Return the data verbatim, without pictures.

Information provided -
+---+
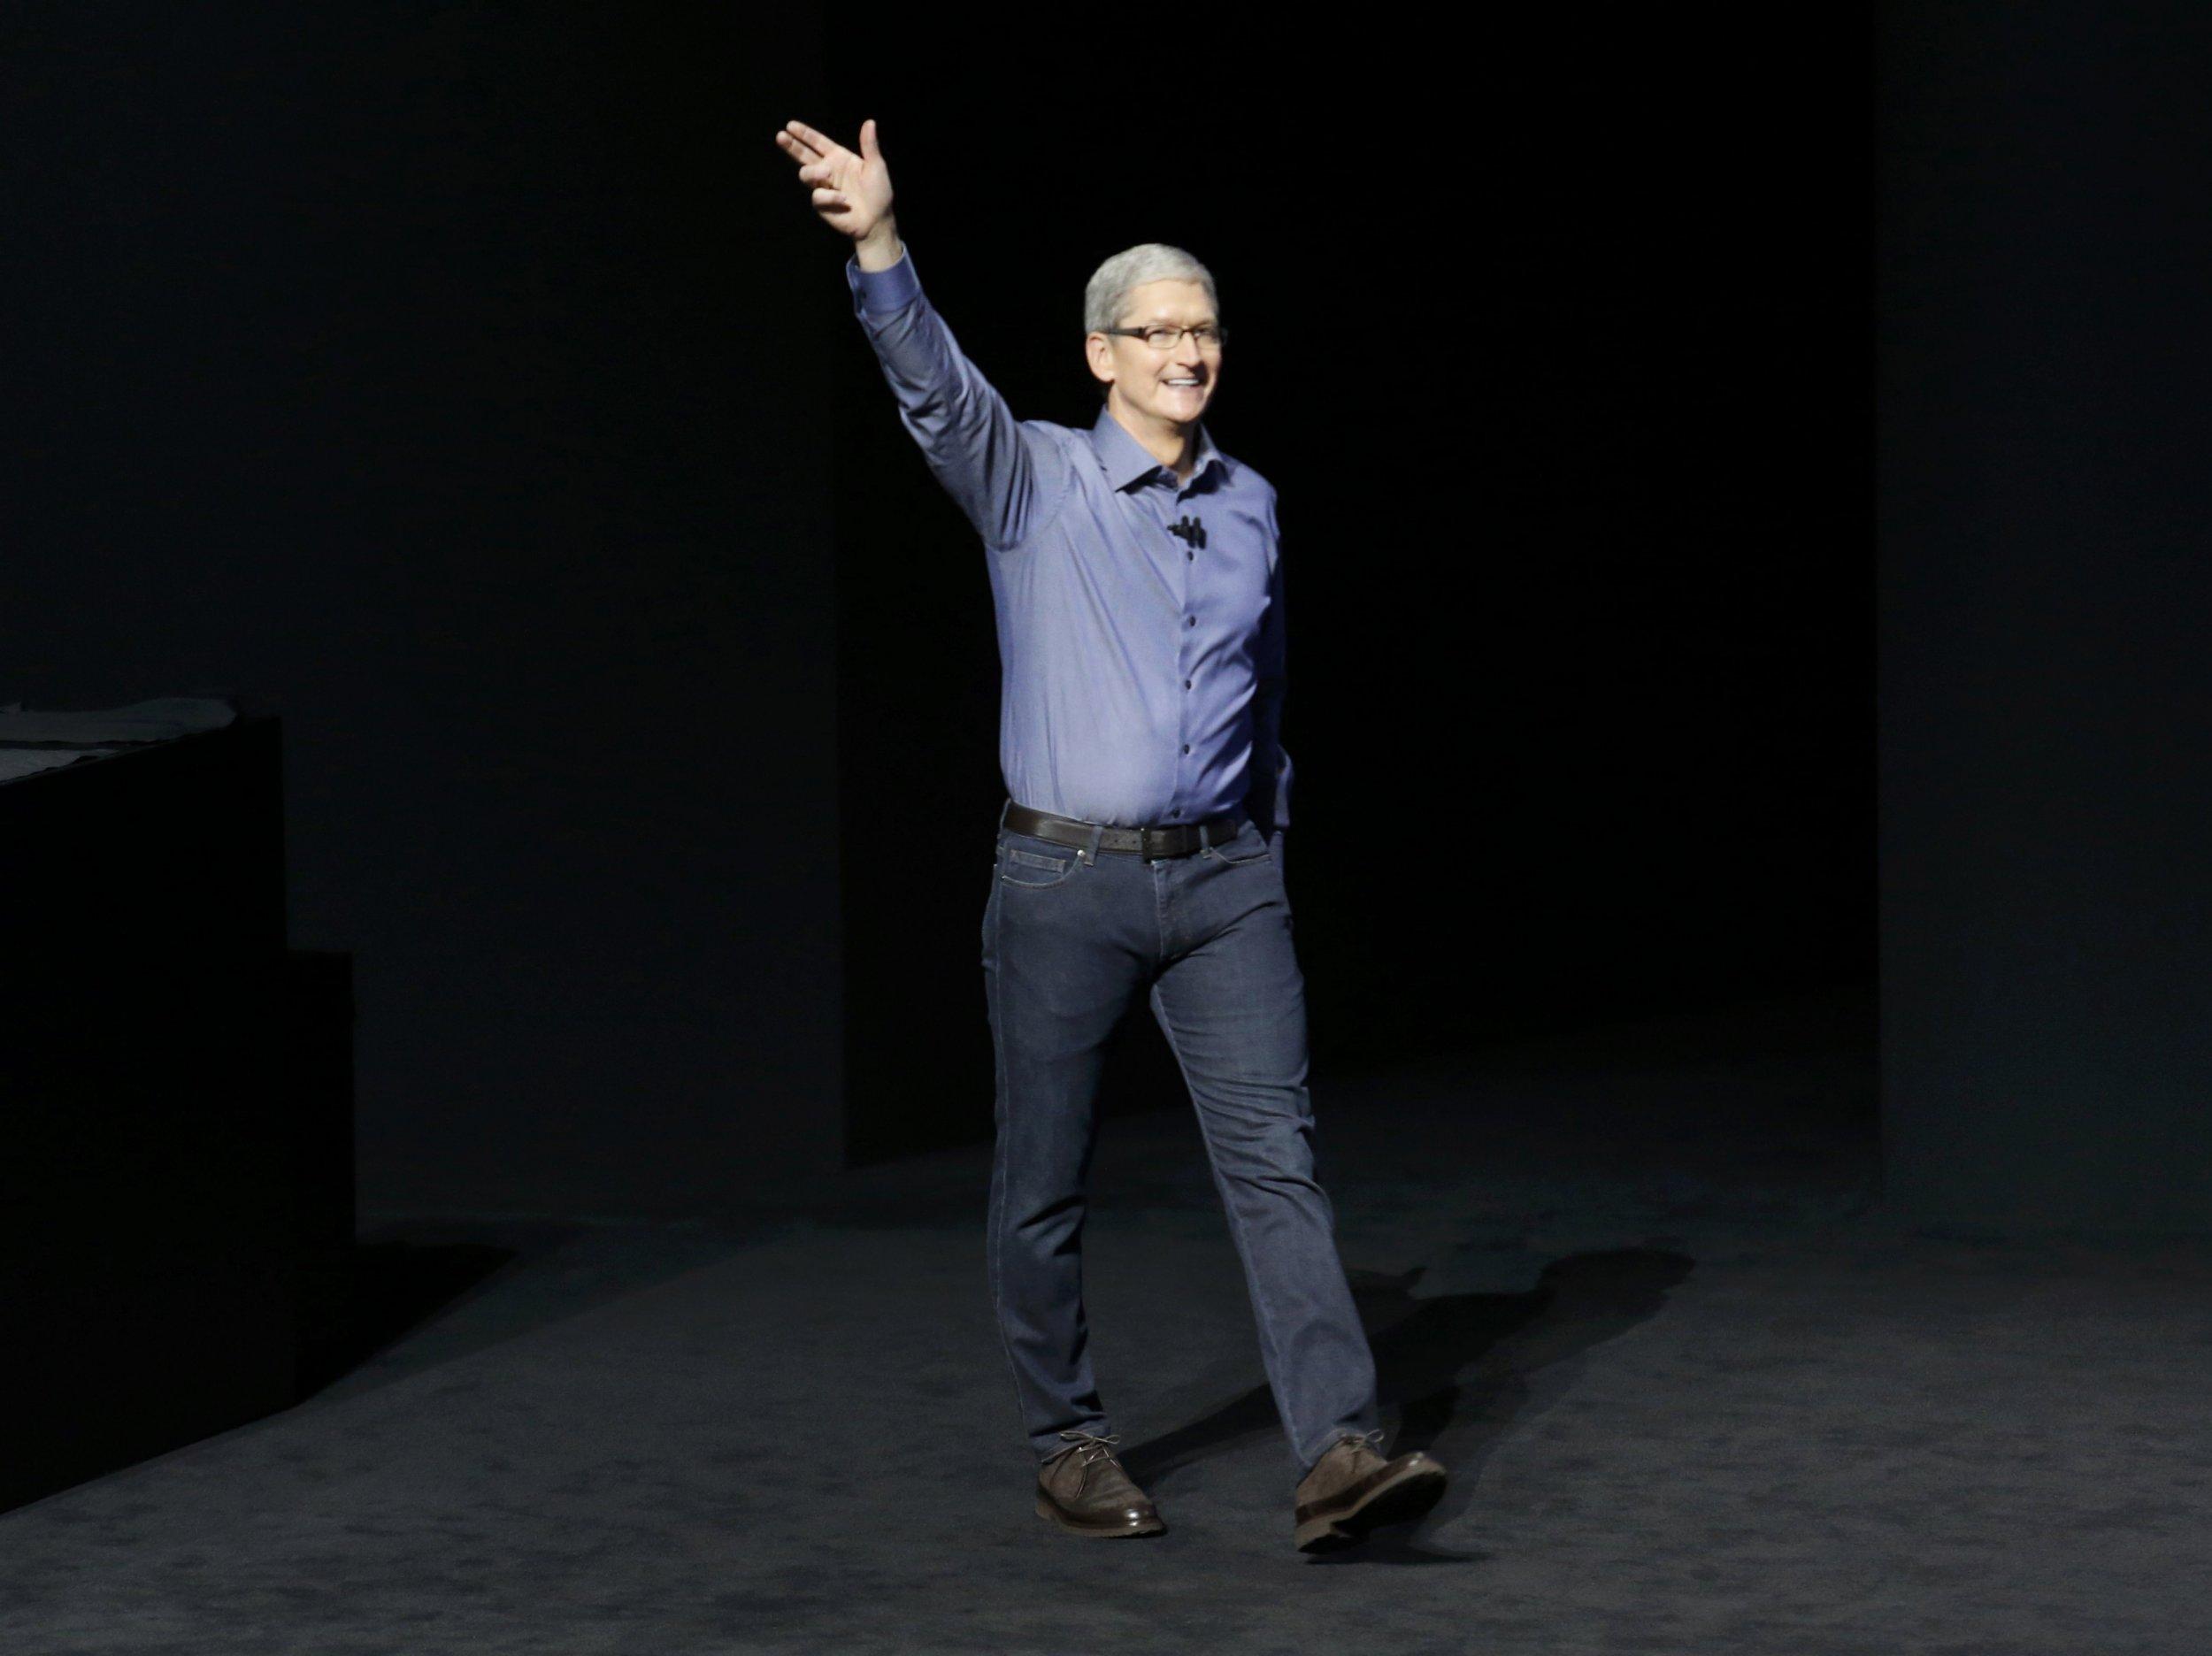 Tim Cook Apple Announcement 9 9 2015
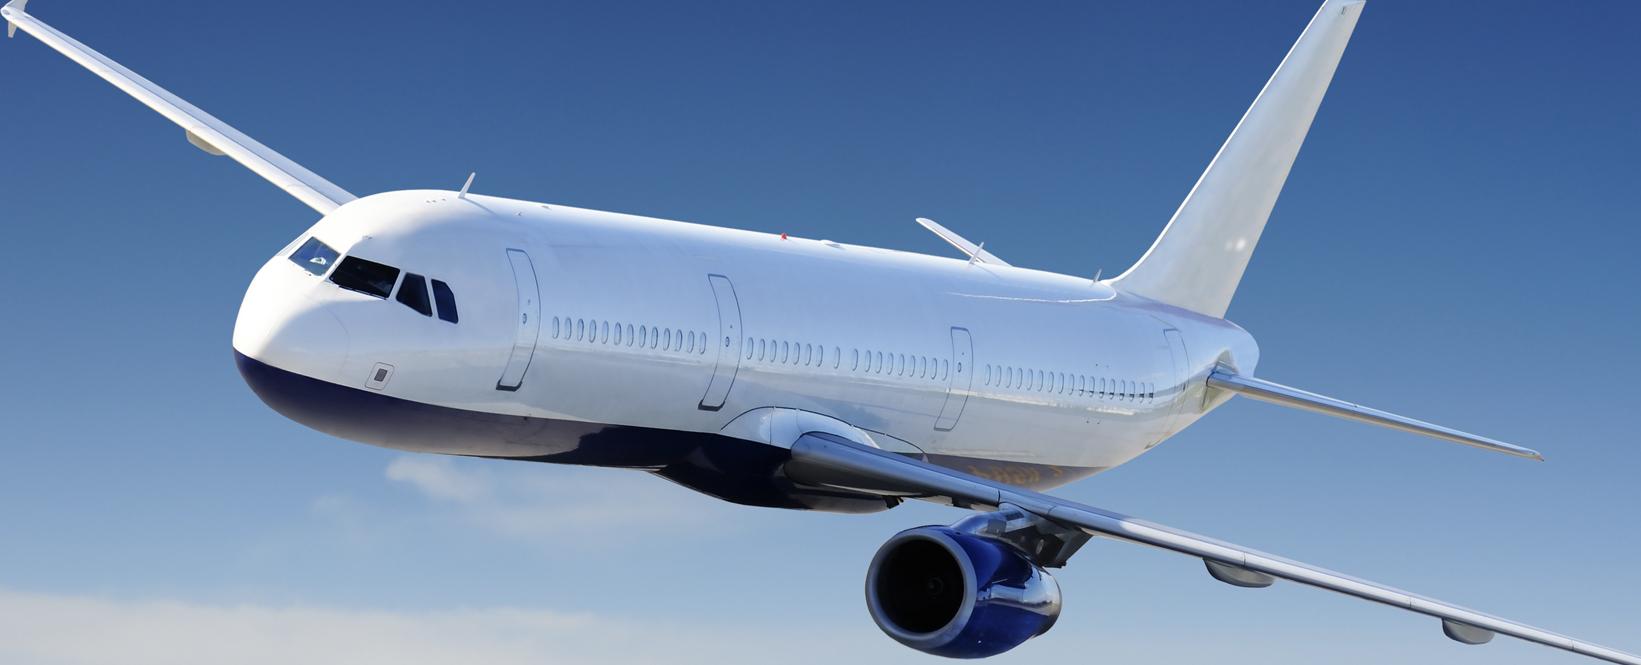 Aerospace Industry Header
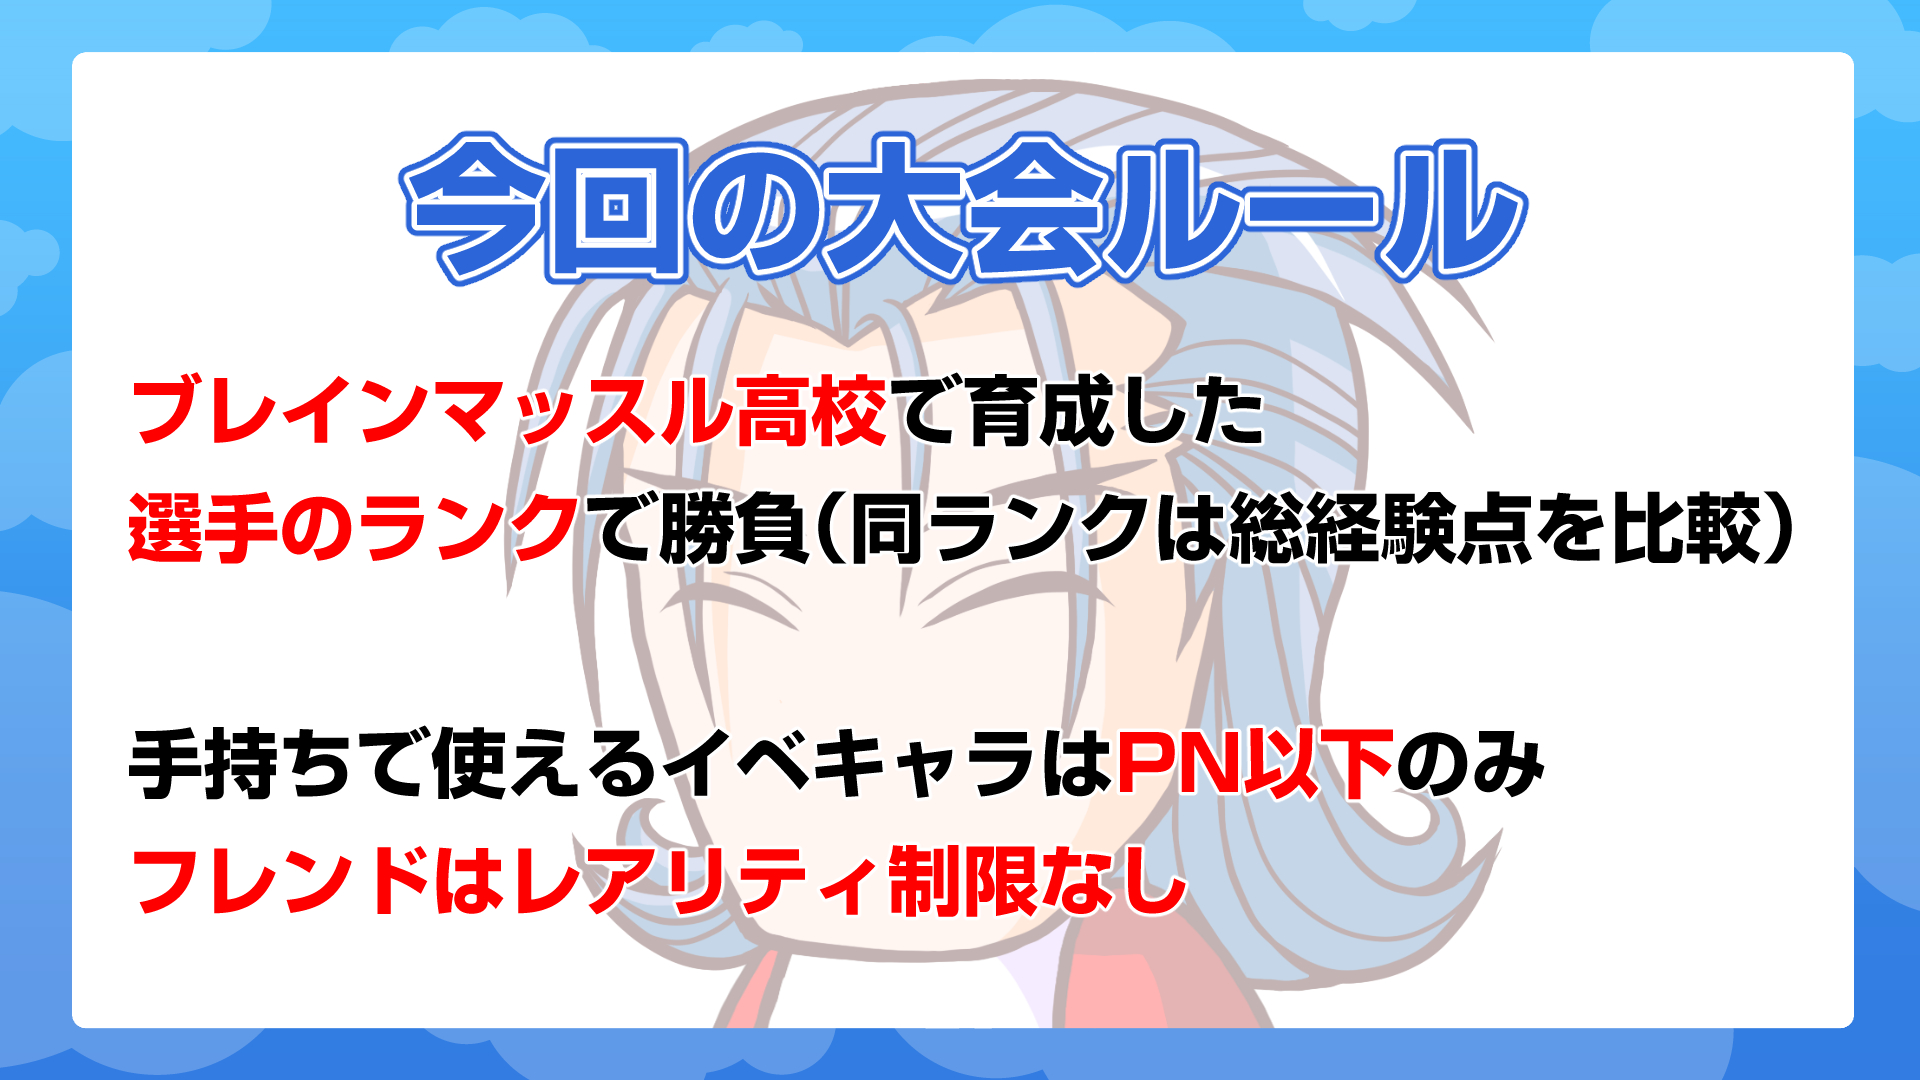 /theme/famitsu/pawapuro/images/banner/大会ルール3.jpg
+---+
Written solution -
 Tim Cook Apple Announcement 9 9 2015
 Aerospace Industry Header
 /theme/famitsu/pawapuro/images/banner/大会ルール3.jpg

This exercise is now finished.